→ **Exercise**:
When you copy the data, keep every line exactly as written and skip the pictures.

→ **Dataset content**:
>>>>>
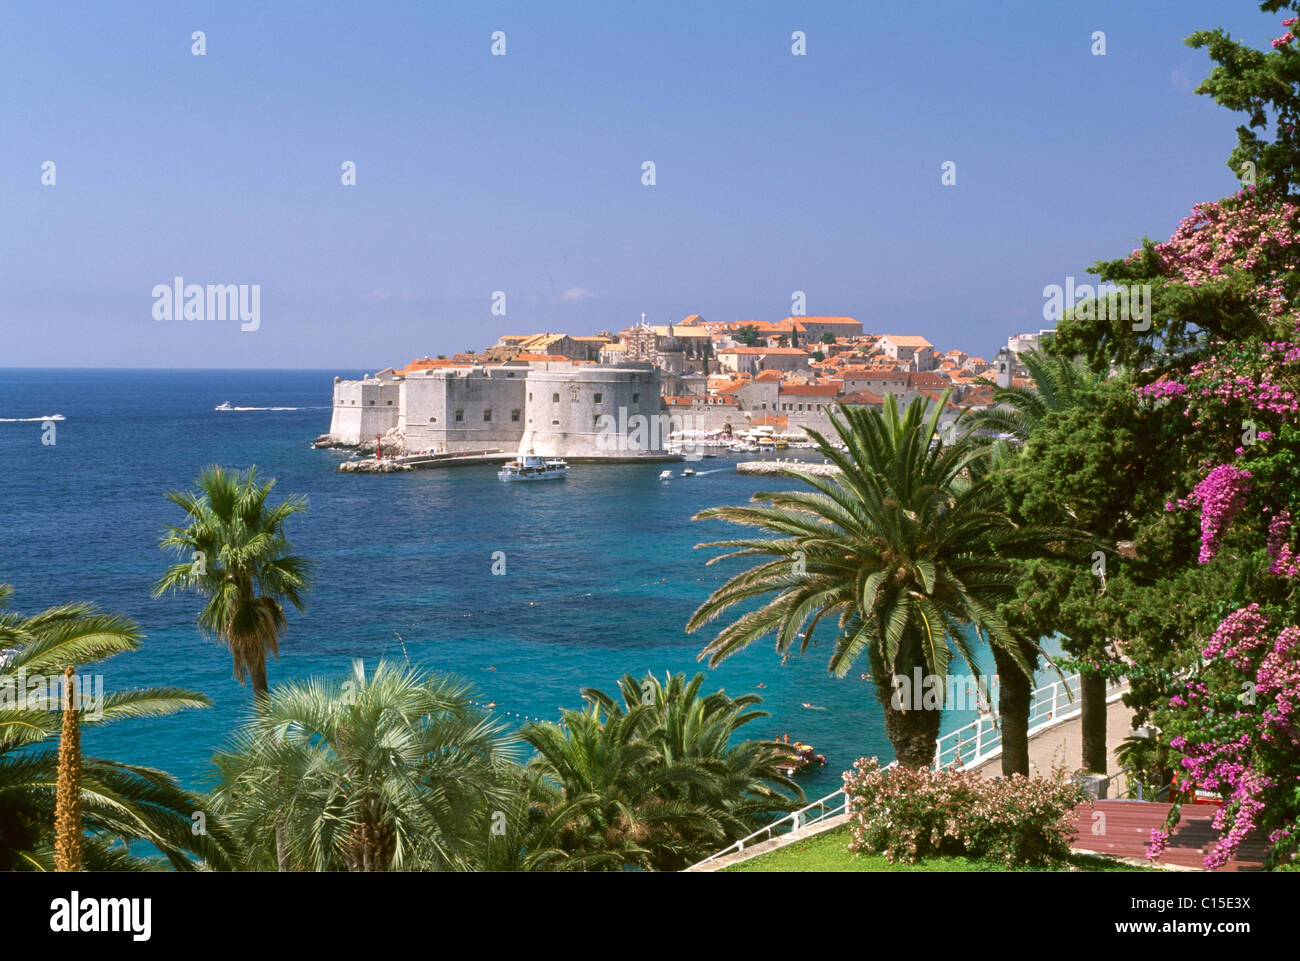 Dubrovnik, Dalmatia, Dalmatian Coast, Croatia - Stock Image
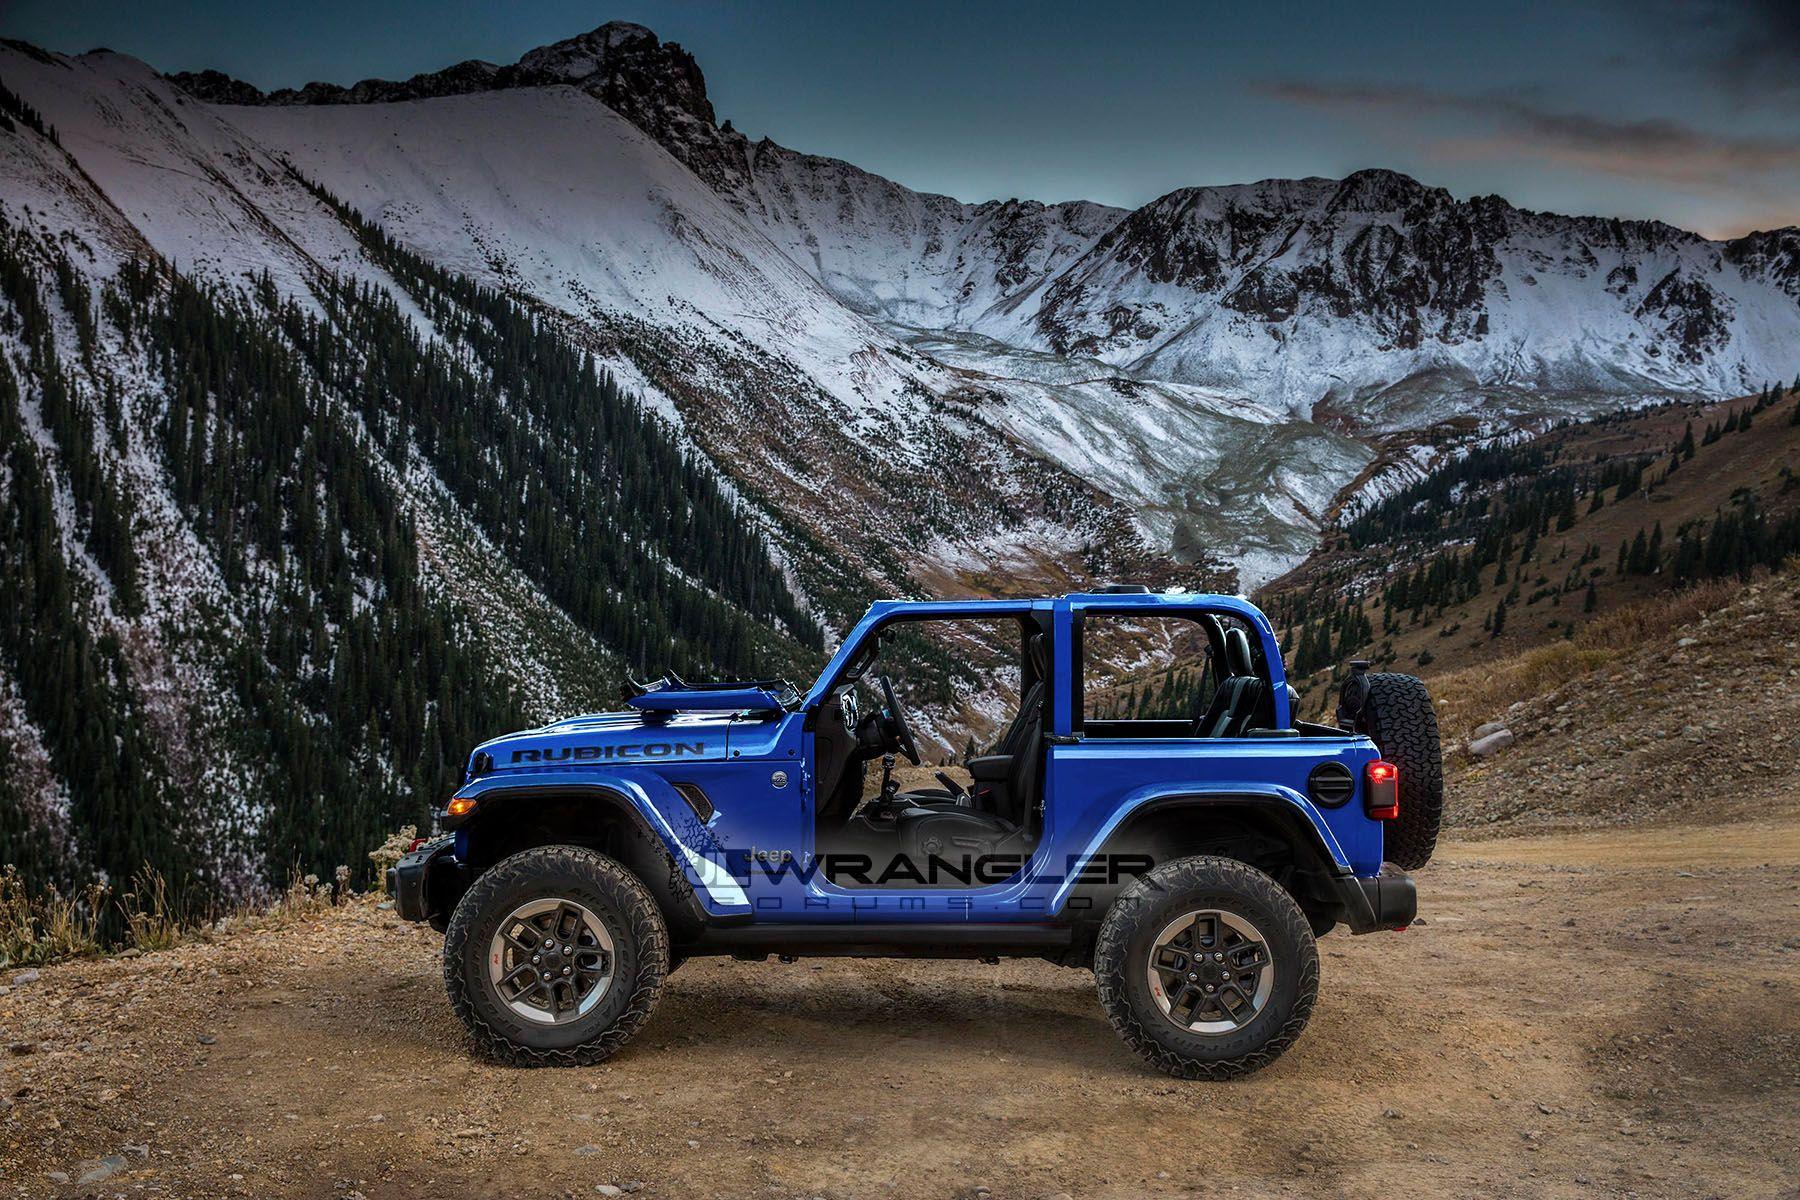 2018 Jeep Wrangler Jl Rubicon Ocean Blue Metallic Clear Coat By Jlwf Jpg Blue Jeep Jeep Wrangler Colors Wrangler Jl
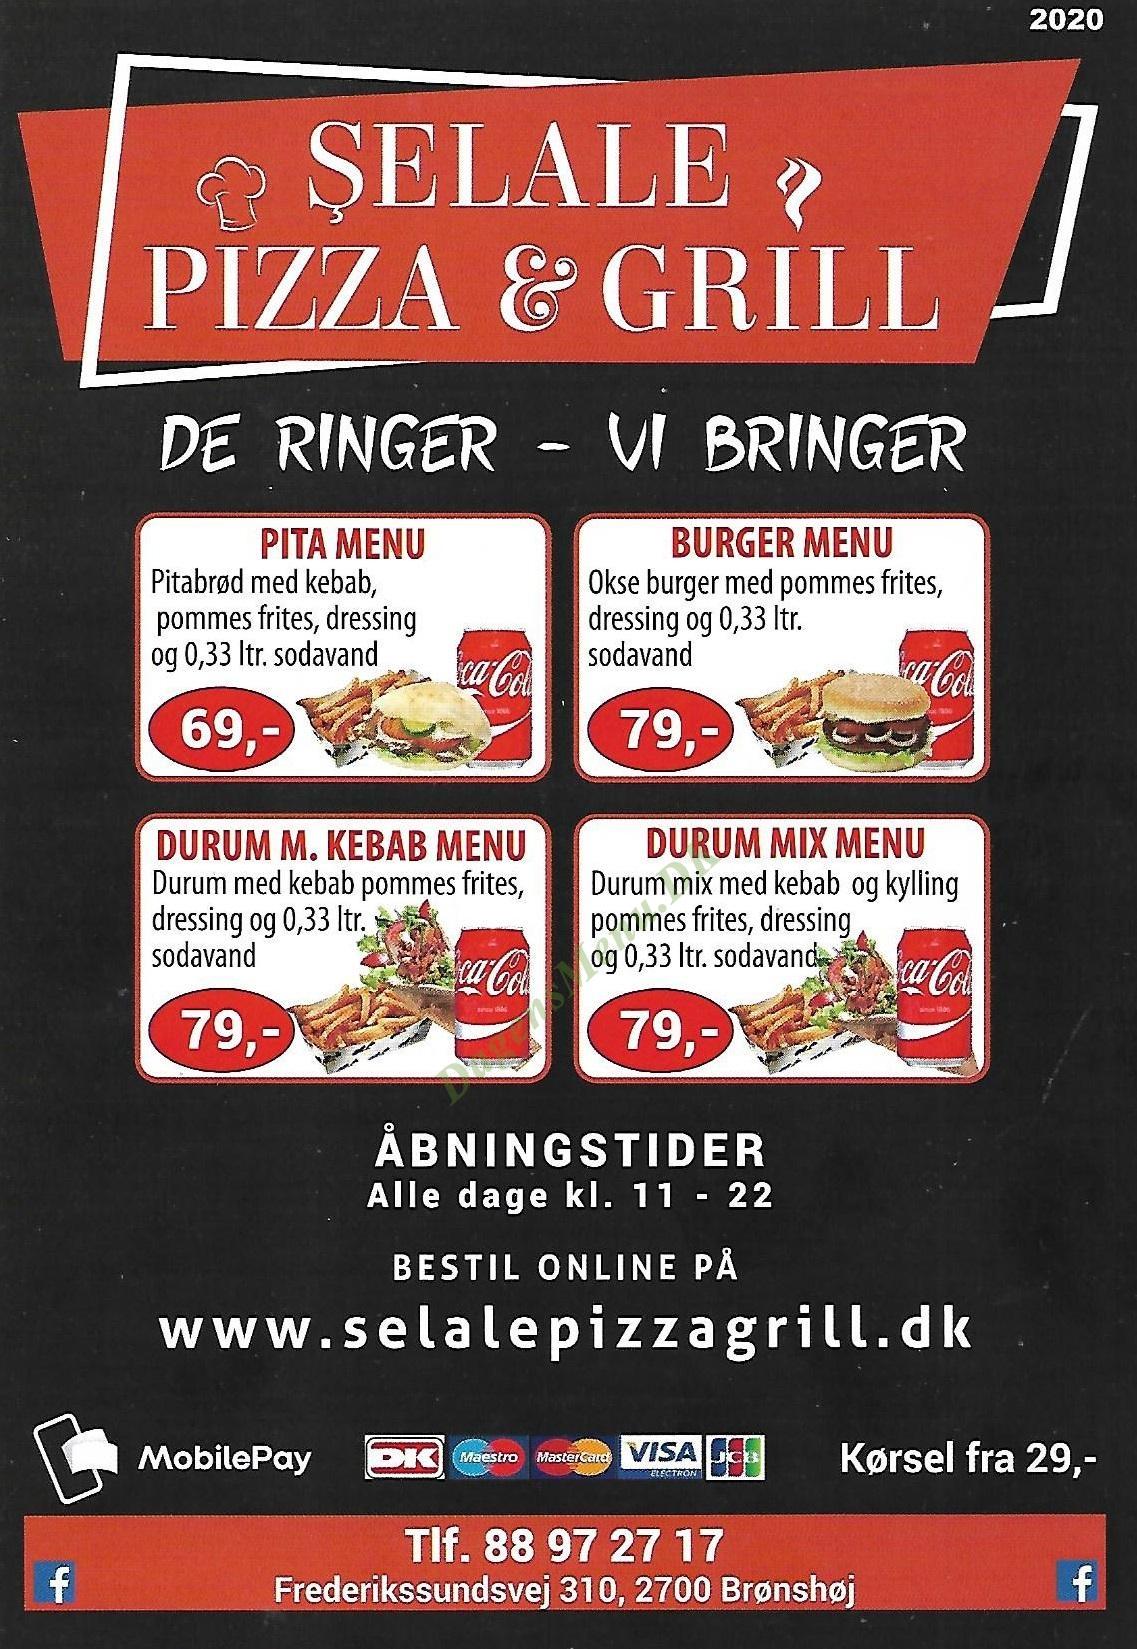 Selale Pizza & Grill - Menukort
<<<<<
→ **Answer to this exercise**:
 Dubrovnik, Dalmatia, Dalmatian Coast, Croatia - Stock Image
 2018 Jeep Wrangler Jl Rubicon Ocean Blue Metallic Clear Coat By Jlwf Jpg Blue Jeep Jeep Wrangler Colors Wrangler Jl
 Selale Pizza & Grill - Menukort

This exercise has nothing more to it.